After a series of bank robberies that took place in the US in 2014, police arrested Steve Talley. He was beaten during the arrest and held in maximum security detention for almost two months. His estranged ex-wife identified him as the robber in CCTV footage and an FBI facial examiner later backed up her claims.
It turned out Talley was not the perpetrator. Unfortunately, his arrest left him with extensive injuries, and led to him losing his job and a period of homelessness. Talley has now become an example of what can go wrong with facial identification.
These critical decisions rest on the ability of humans and computers to decide whether two images are of the same person or different people. Talley’s case shows how errors can have profound consequences.
My research focuses on how to improve the accuracy of these decisions. This can make society safer by protecting against terrorism, organised crime and identity fraud. And make them fairer by ensuring that errors in these decisions do not lead to people being wrongly accused of crimes.
Identifying unfamiliar faces
So just how accurate are humans and computers at identifying faces?
Most people are extremely good at recognising faces of people they know well. However, in all of the critical decisions outlined above, the task is not to identify a familiar face, but rather to verify the identity of an unfamiliar face.
To understand just how challenging this task can be, try it for your self: are the images below of the same person or different people?
Humans versus machines
The above image pair is one of the test items my colleagues and I used to evaluate the accuracy of humans and computers in identifying faces, in a paper published last week in Proceedings of the National Academy of Science.
We recruited two groups of professional facial identification experts. One group were international experts that produce forensic analysis reports for court (Examiners). Another group were face identification specialists that made quicker decisions, for example when reviewing the validity of visa applications or in forensic investigation (Reviewers). We also recruited a group of “super-recognisers” who have a natural ability to identify faces, similar to groups that have been deployed as face identification specialists in the London Metropolitan Police.
Performance of these groups compared to undergraduate students and to the algorithms is shown in the graph below.
Black dots on this graph show the accuracy of individual participants, and the red dots show the average performance of the group.
The first thing to notice is that there is a clear ordering of performance across the groups of humans. Students perform relatively poorly as a group – with over 30% errors on average – showing just how challenging the task is.
The professional groups fare far better on the task, making less than 10% errors on average and nine out of 87 attaining the maximum possible score on the test.
Interestingly, the super-recognisers also performed extremely well, with three out of 12 attaining the maximum possible score. These people had no specialist training or experience in performing face identification decisions, suggesting that selecting people based on natural ability is also a promising solution.
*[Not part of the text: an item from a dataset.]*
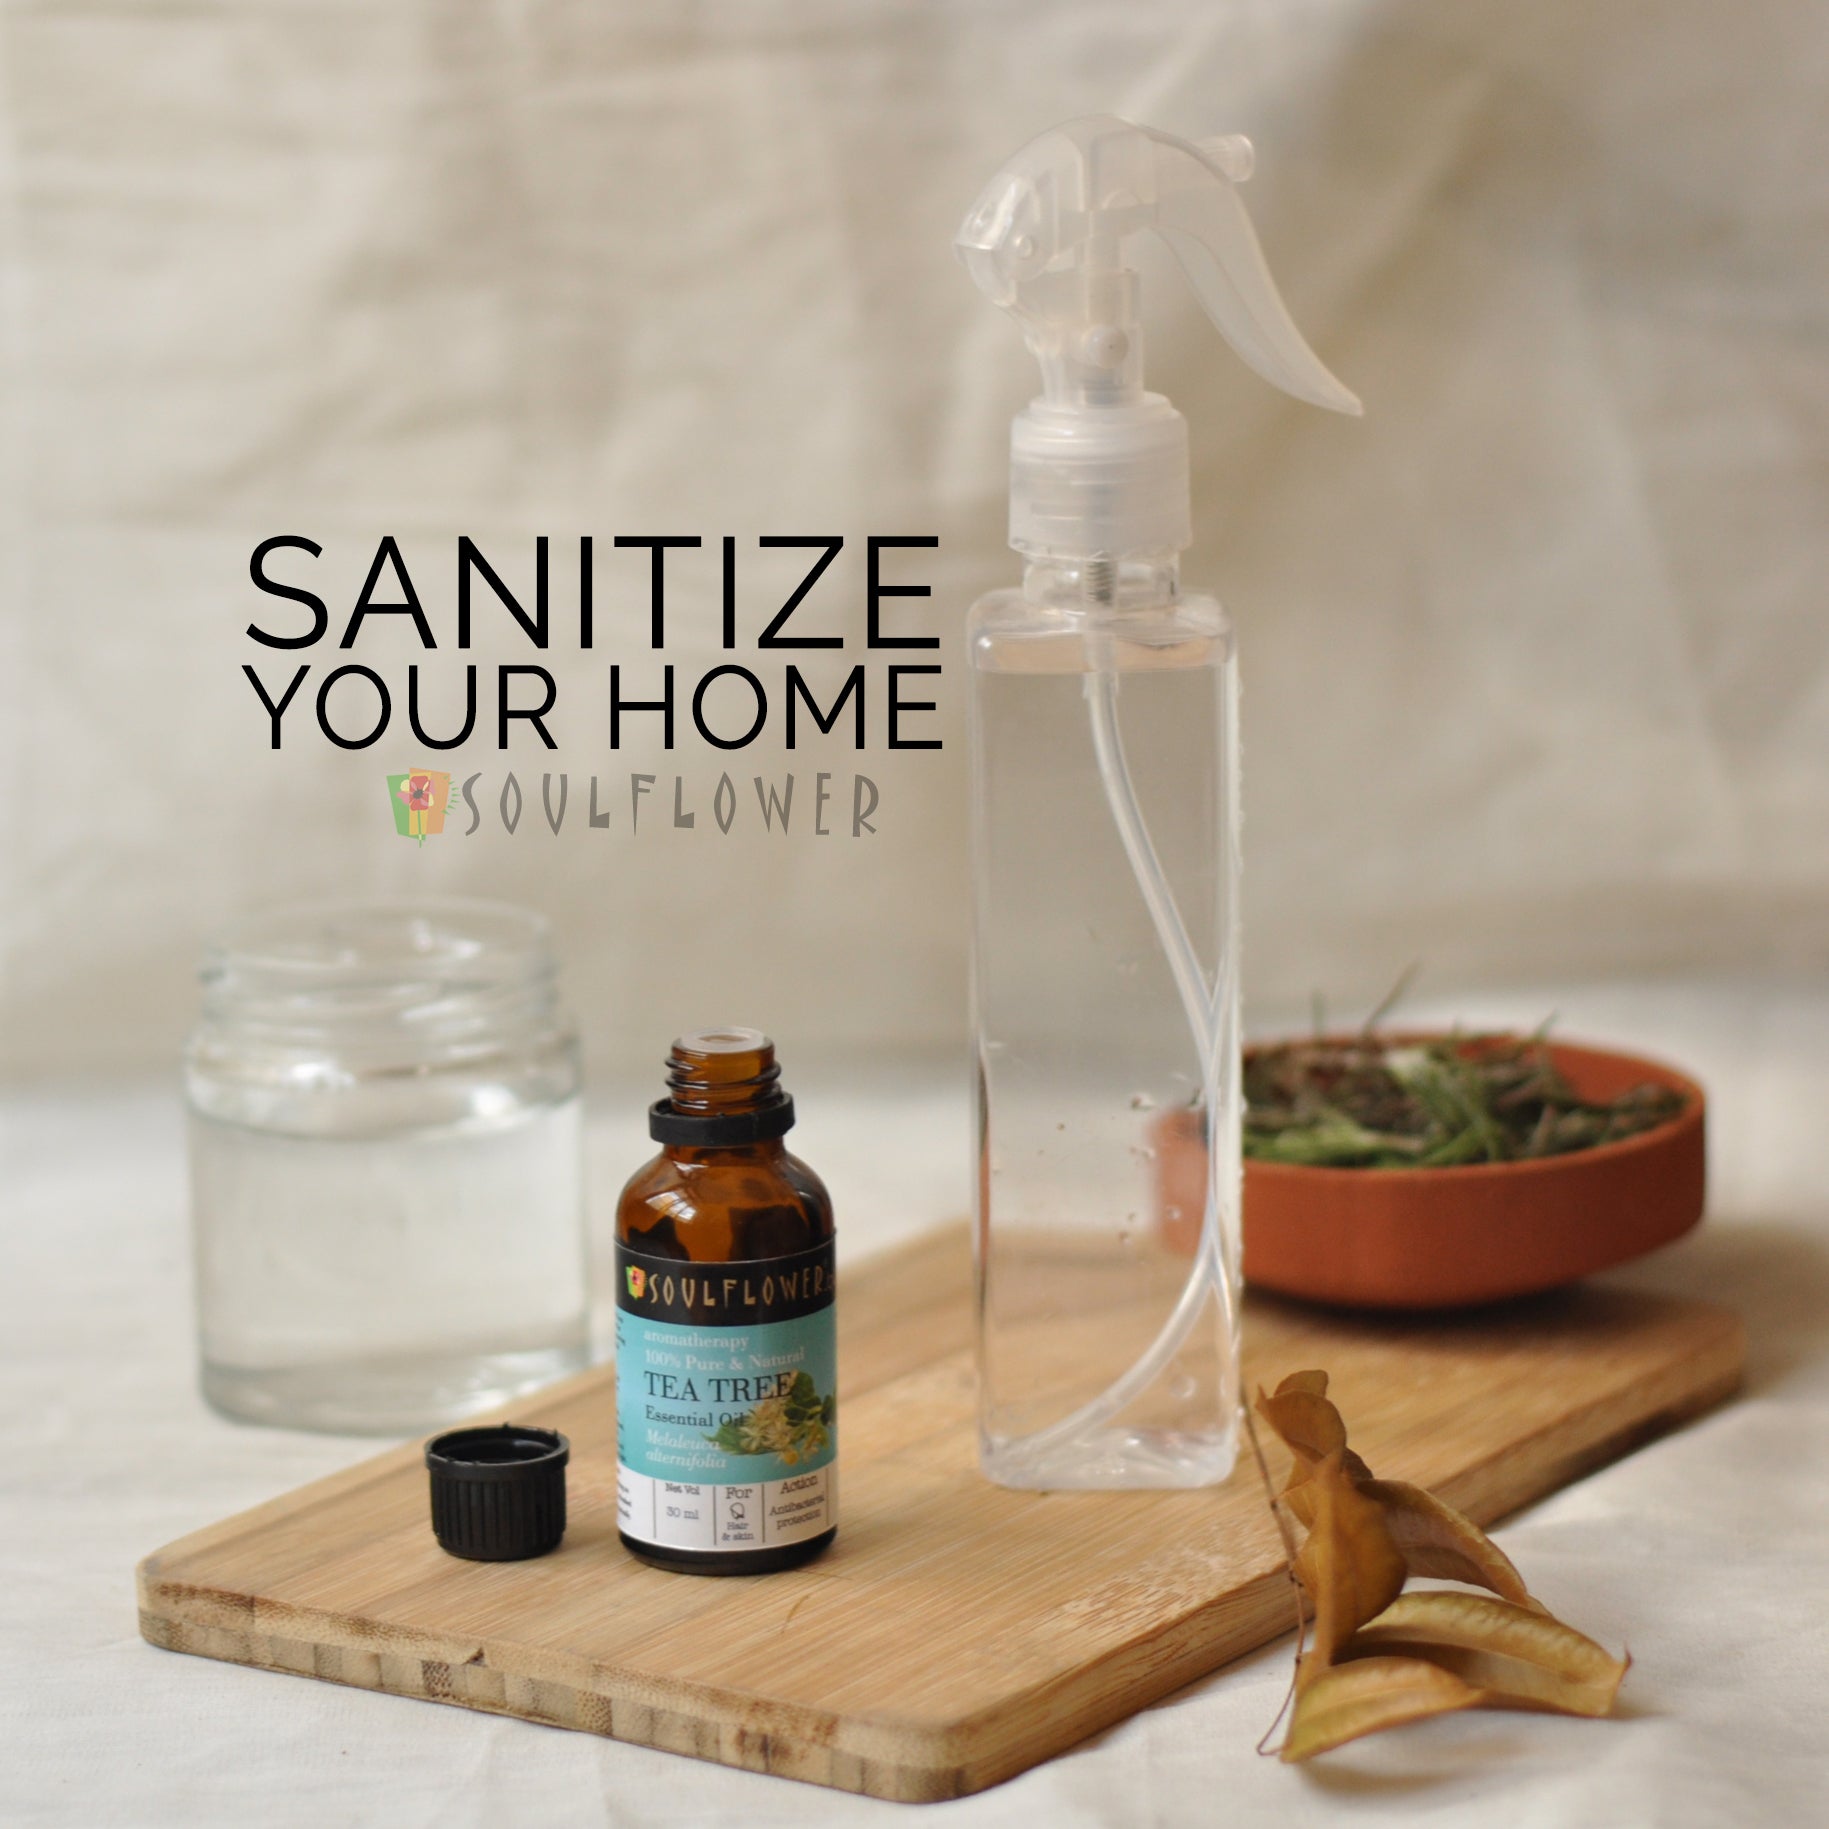 Sanitize Your Home!

Performance of the algorithms is shown by the red dots on the right of the graph. We tested three iterations of the same algorithm as the algorithm was improved over the last two years. There is a clear improvement of this algorithm with each iteration, demonstrating the major advances that Deep Convolutional Neural Network technology have made over the past few years.
The most recent version of the algorithm attained accuracy that was in the range of the very best humans.
The wisdom of crowds
We also observed large variability in all groups. No matter which group we look at, performance of individuals spans the entire measurement scale – from random guessing (50%) to perfect accuracy (100%).
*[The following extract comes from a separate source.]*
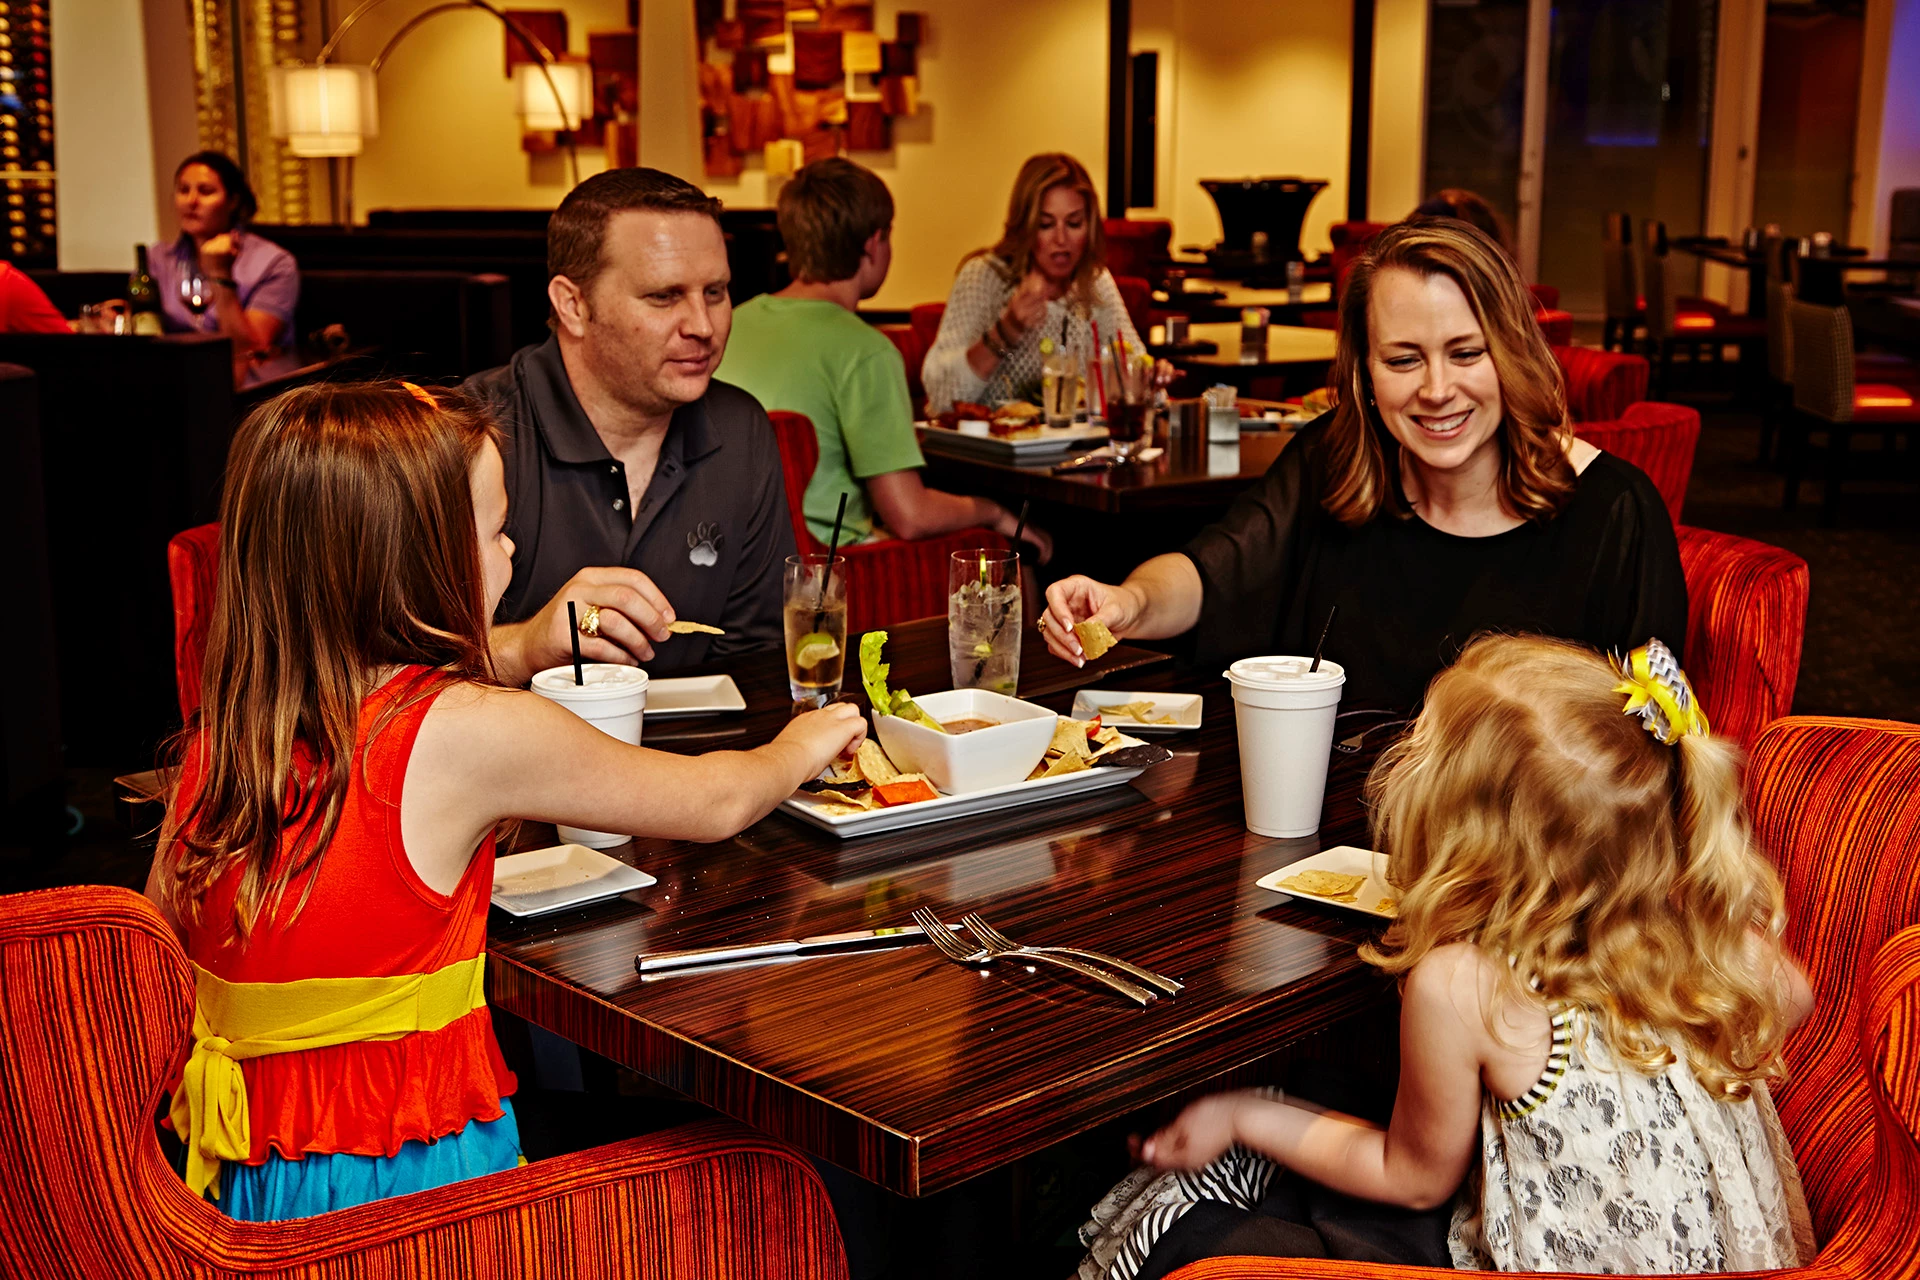 The Clubs of Prestonwood - Family Dining

This variation is problematic, because it is individuals that provide face identification evidence in court. If performance varies so wildly from one individual to the next, how can we know that their decisions are accurate?
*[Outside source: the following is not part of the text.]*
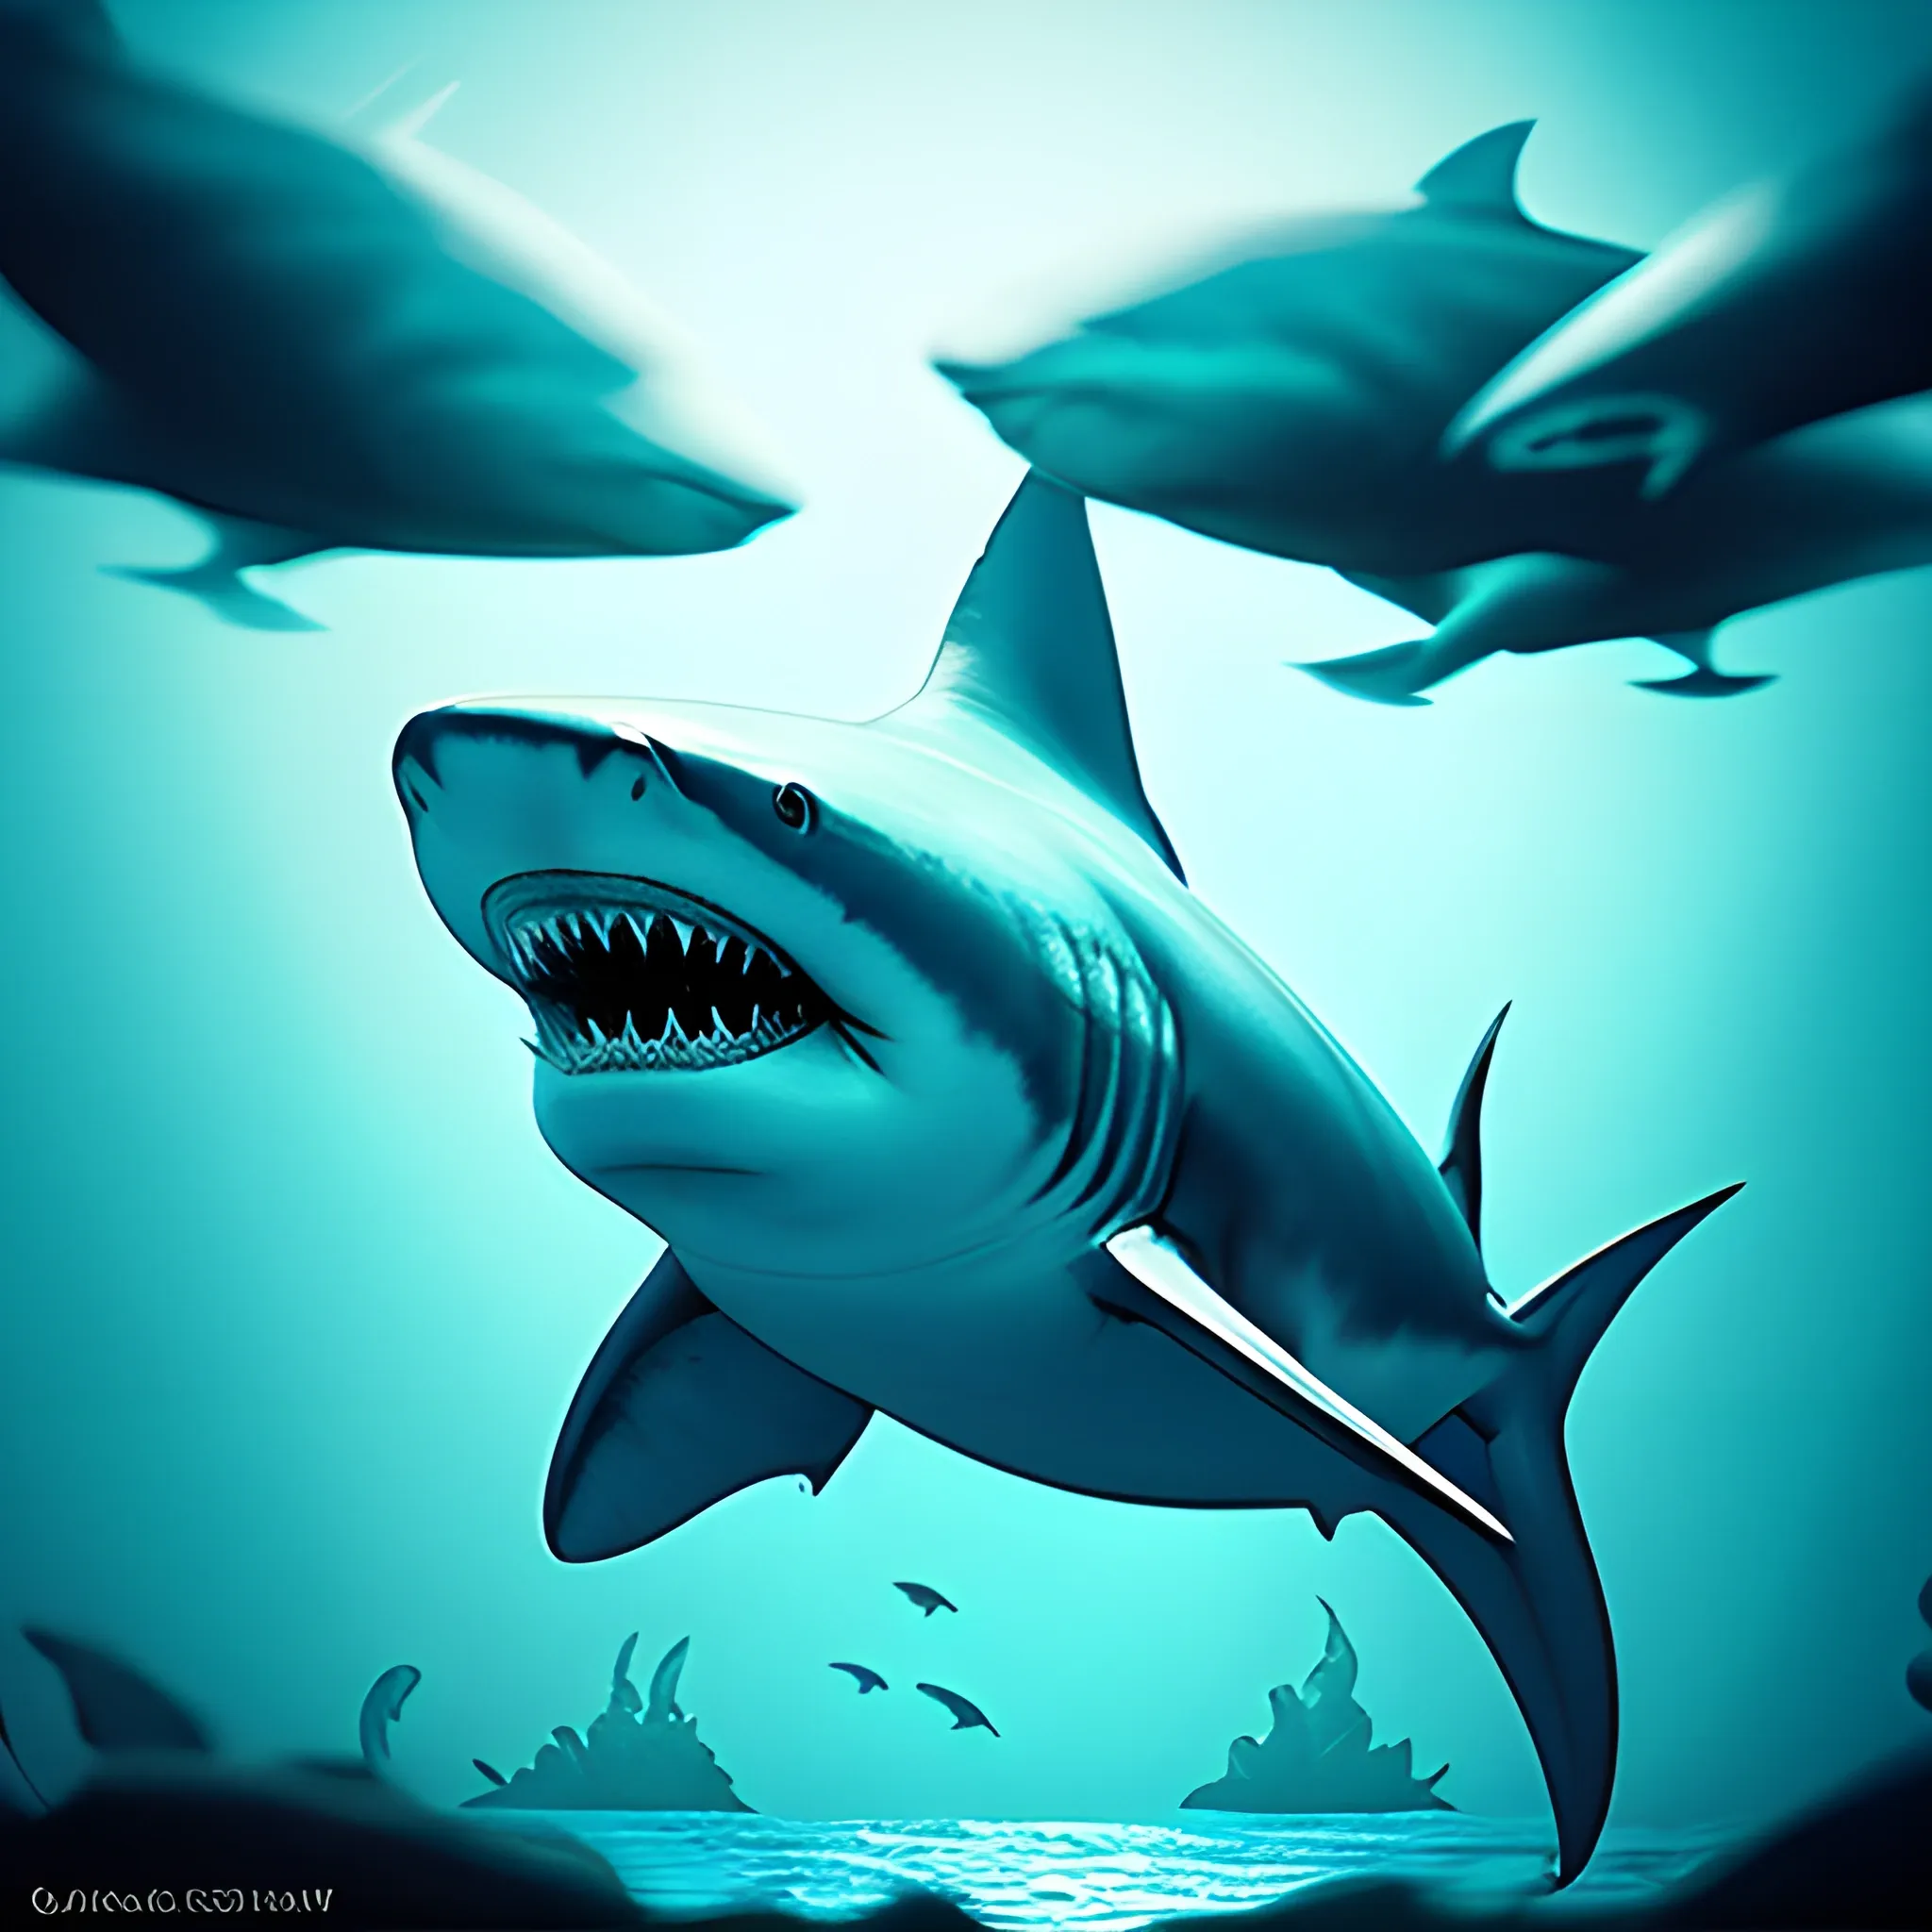 Large shark-like , open mouth and sharp teeth focused on the camera while its body and dorsal fin are seen sideways, under the sea, blue background, masterfully elaboreted, blue background Watercolor, trend in artstation, sharp focus, studio photo, intricate details, very detailed,  Under the sea landscape, no fish, no corals, very dark, too dark, dark fantasy style feeling of fear, dark bacground, ultra-realistic, macro photography, hyperrealistic, landscape, , fantastic blacklight, the camera lets you see a part of sky out of the water

Our study provides a solution to this problem. By averaging the responses of groups of humans, using what is known as a “wisdom of crowds” approach, we were able to attain near-perfect levels of accuracy. Group performance was also more predictable than individual accuracy.
Perhaps the most interesting finding was when we combined the decisions of humans and machines.
By combining the responses of just one examiner and the leading algorithm, we were able to attain perfect accuracy on this test – better than either a single examiner or the best algorithm working alone.
Face recognition in Australia
Importantly, this application of face recognition technology is not automatic – like automated border control systems are. Rather, the technology generates “candidate lists” like the one shown below. For the systems to be of any use, humans must review these candidate lists to decide if the target identity is present.
In a 2015 study my colleagues and I found that the average person makes errors on one in every two decisions when reviewing candidate lists, and chooses the wrong person 40% of the time!
False positives like these can waste precious police time, and have potentially devastating effect on people’s lives.
The study we published this week suggests that protecting against these costly errors requires careful consideration of both human and machine components of face recognition systems.
Correct answers: The pair of images are different people. The matching image in the candidate list is top row, second from left.